The fire blazed up again, but now it was stronger and more vivid. Again the shadows leaped into the woods, and again darted back to the fire, quivering about it in a mute, astonished dance. The wood crackled, and the leaves of the trees rustled softly. Alarmed by the waves of the heated atmosphere, the merry, vivacious tongues of fire, yellow and red, in sportive embrace, soared aloft, sowing sparks. The burning leaves flew, and the stars in the sky smiled to the sparks, luring them up to themselves.

"That's not my song. Thousands of people sing it. But they sing it to themselves, not realizing what a salutary lesson their unfortunate lives hold for all. How many men, tormented to death by work, miserable cripples, maimed, die silently from hunger!
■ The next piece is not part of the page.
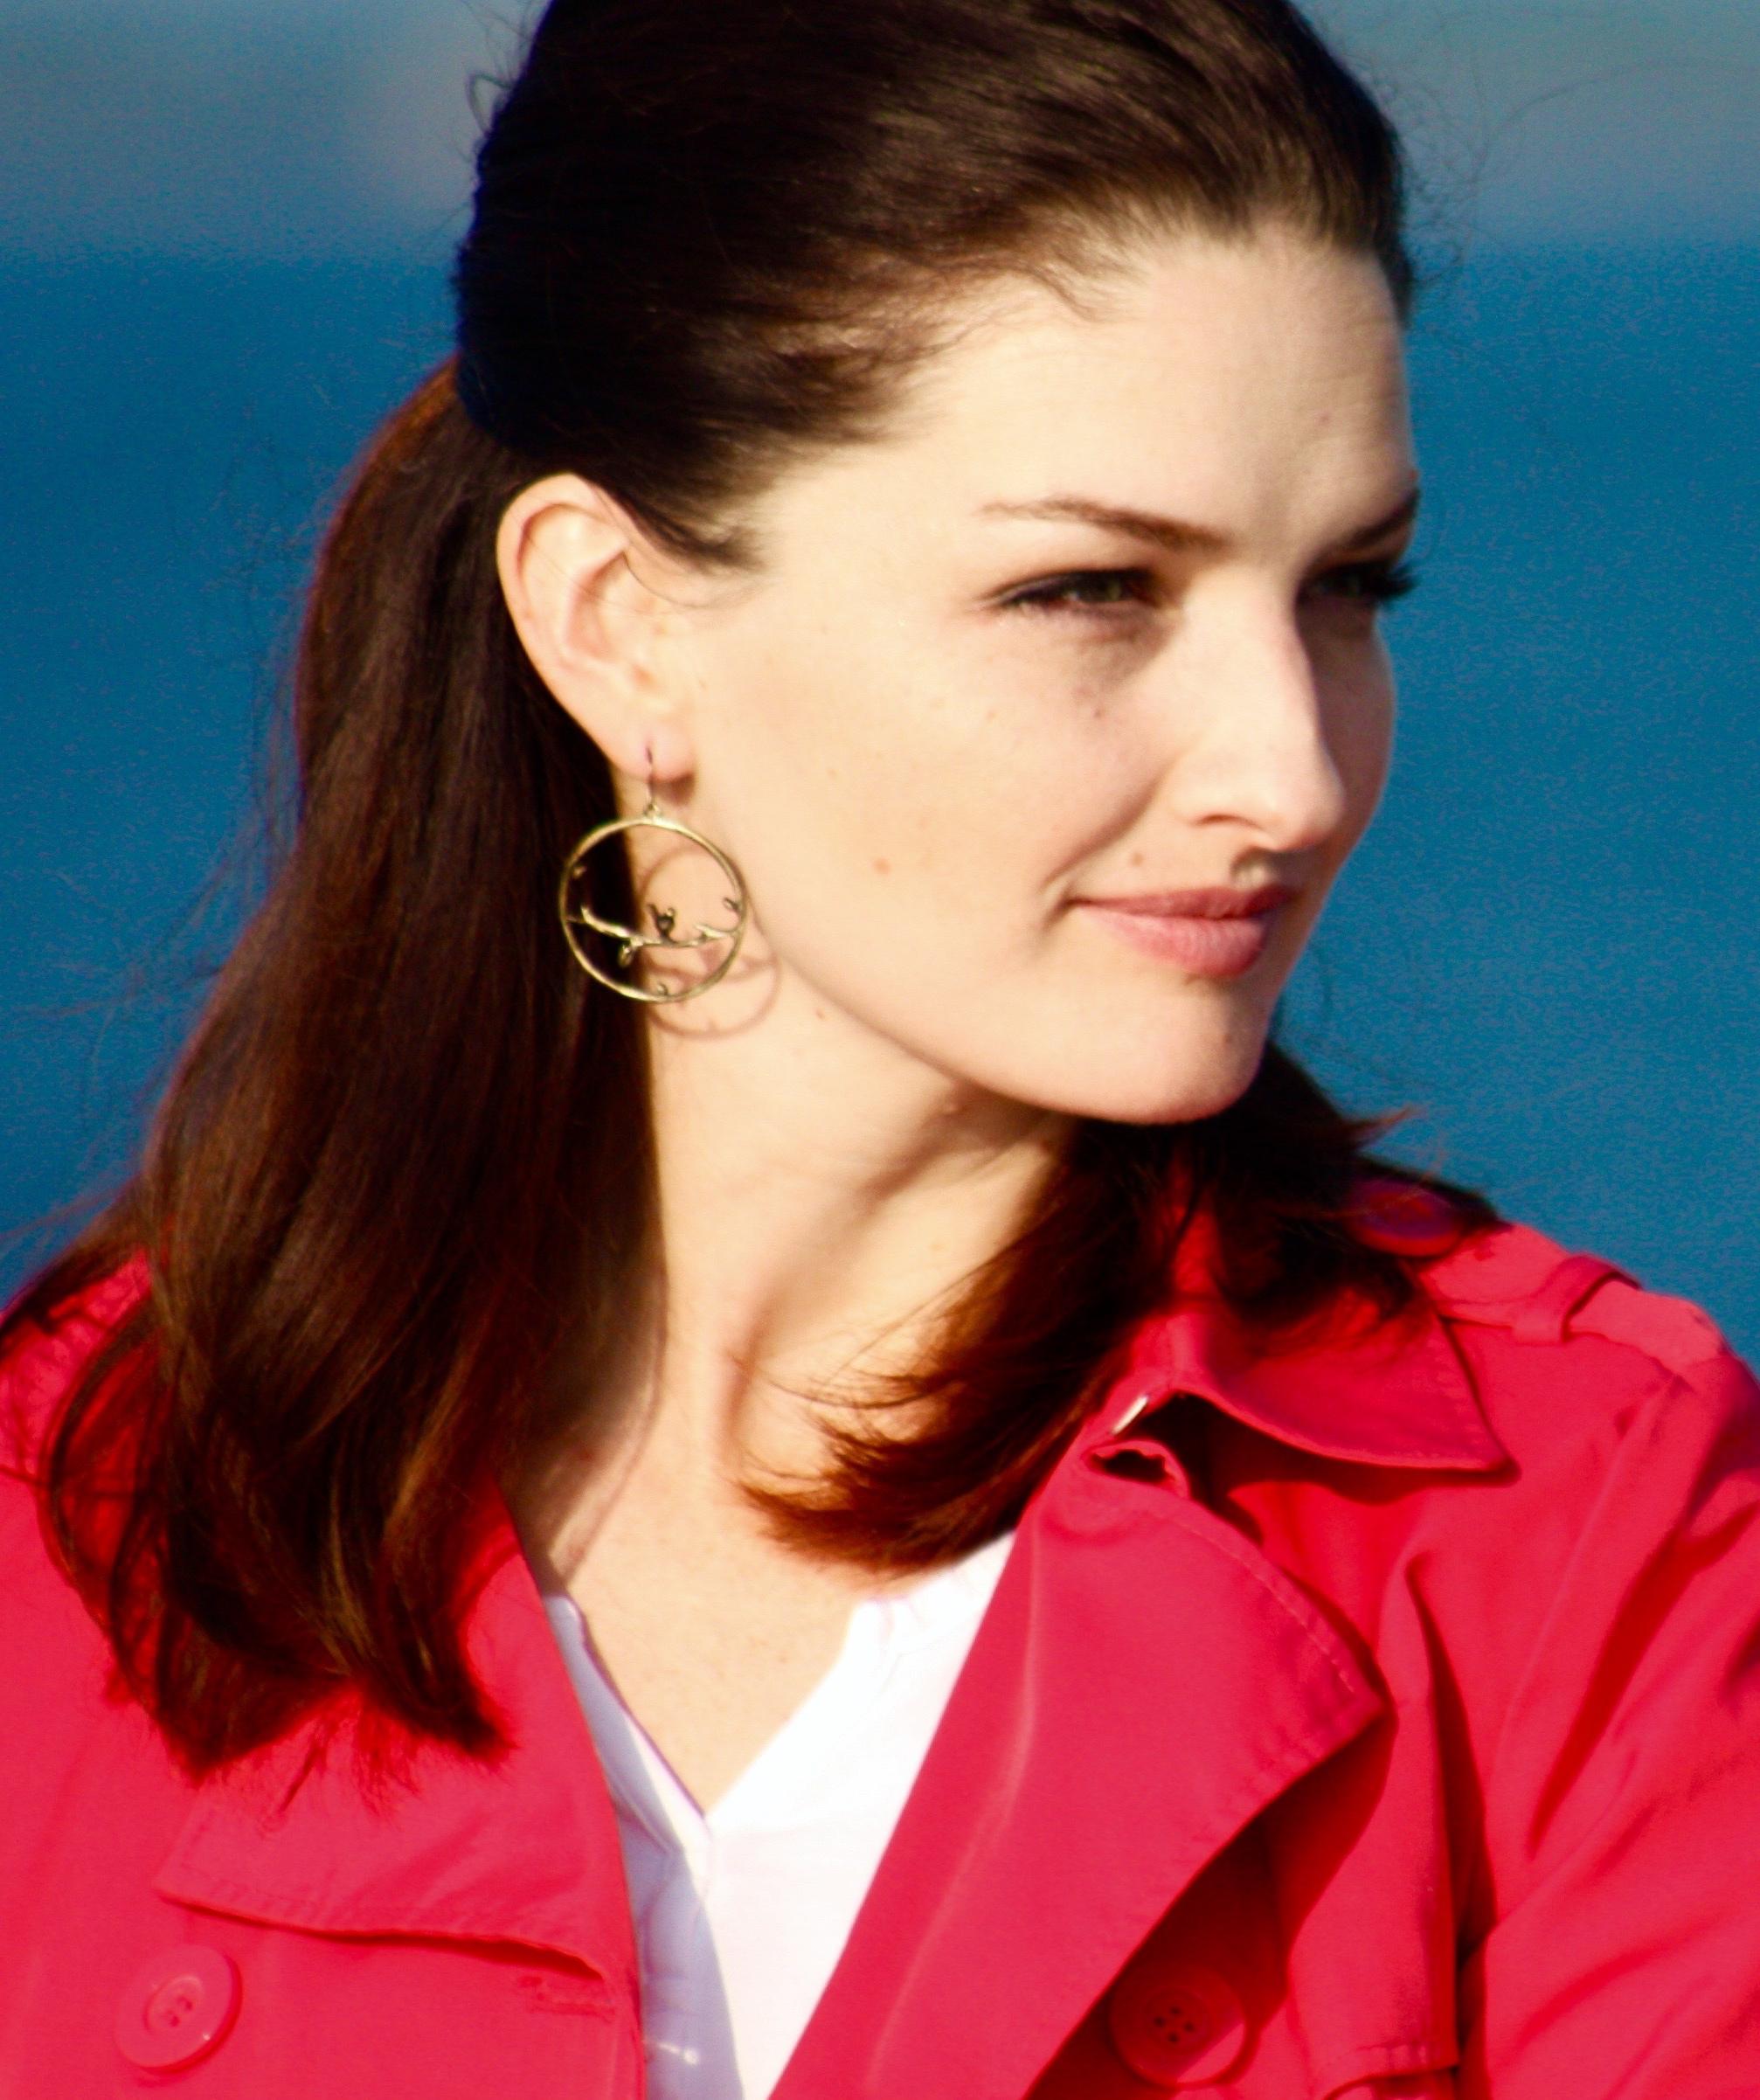 Shalon Headshot - Portrait 2.jpg

It is necessary to shout it aloud, brothers, it is necessary to shout it aloud!" He fell into a fit of coughing, bending and all a-shiver.

"Why?" asked Yefim. "My misery is my own affair. Just look at my joy."

"Don't interrupt," Rybin admonished.

"You yourself said a man mustn't boast of his misfortune," observed Yefim with a frown.

"That's a different thing. Savely's misfortune is a general affair, not merely his own. It's very different," said Rybin solemnly. "Here you have a man who has gone down to the depths and been suffocated. Now he shouts to the world, 'Look out, don't go there!'"

Yakob put a pail of cider on the table, dropped a bundle of green branches, and said to the sick man:

"Come, Savely, I've brought you some milk."

Savely shook his head in declination, but Yakob took him under the arm, lifted him, and made him walk to the table.

"Listen," said Sofya softly to Rybin. She was troubled and reproached him. "Why did you invite him here? He may die any minute."